Risk frameworks for LLMs and CSIR were identified and summarized into a unified framework. Three main LLM risk frameworks were identified, NIST 600-1, OWASP Top 10 for LLMs, and MITRE ATLAS(ATLAS Matrix, 2025; OWASP LLM, 2025; National Institute of Standards and Technology (US), 2024). No CSIR risk frameworks were identified, as NIST 800-61 outlines the CSIR processes and activities but omits a risk framework. We found literature showing cybersecurity incidents are a form of an emergency (Onwubiko & Ouazzane, 2022) and thus emergency management (EM) risks are related. Radianti and Khazanchi (2024) proposed a framework for assessing risks in emergency management (EM) (Radianti & Khazanchi, 2024). The applicability of the Radianti et al. risk framework to CSIR was validated using NIST 800-61 as a reference.
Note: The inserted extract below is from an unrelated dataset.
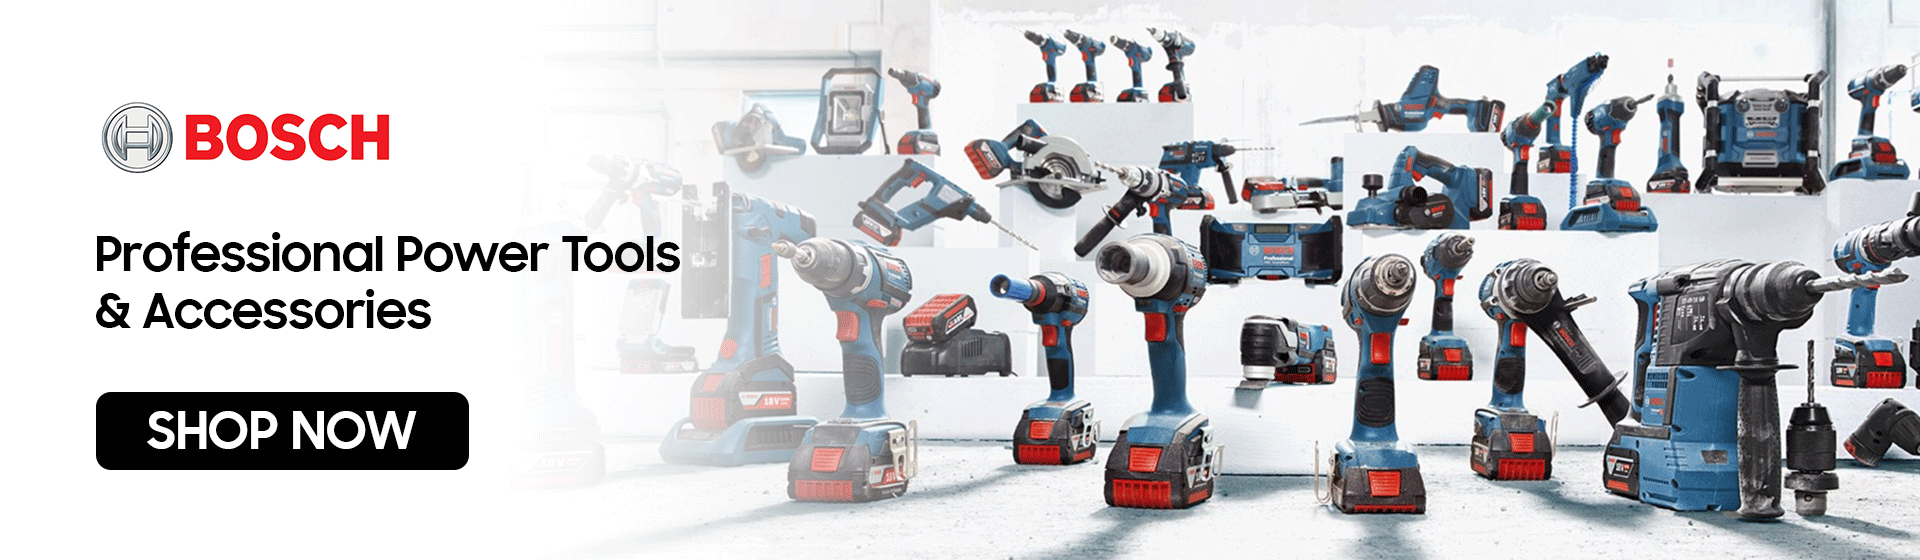 Bosch Professional Tools

Our proposed unified risk model categorizes risks into three main areas and two subcategories. The three main categories (technical, application/user, business) are based on an assurance framework presented by Khazanchi and Sutton (2001). The technical category encompasses attack surface risks and amplified threat risks, aligning with the framework’s focus on infrastructure security and data integrity. The application and user category addresses both adoption and operational risks, encompassing challenges related to user integration, implementation, and organizational readiness. The business category examines communication and decision-making risks, highlighting the strategic and operational implications of LLM adoption.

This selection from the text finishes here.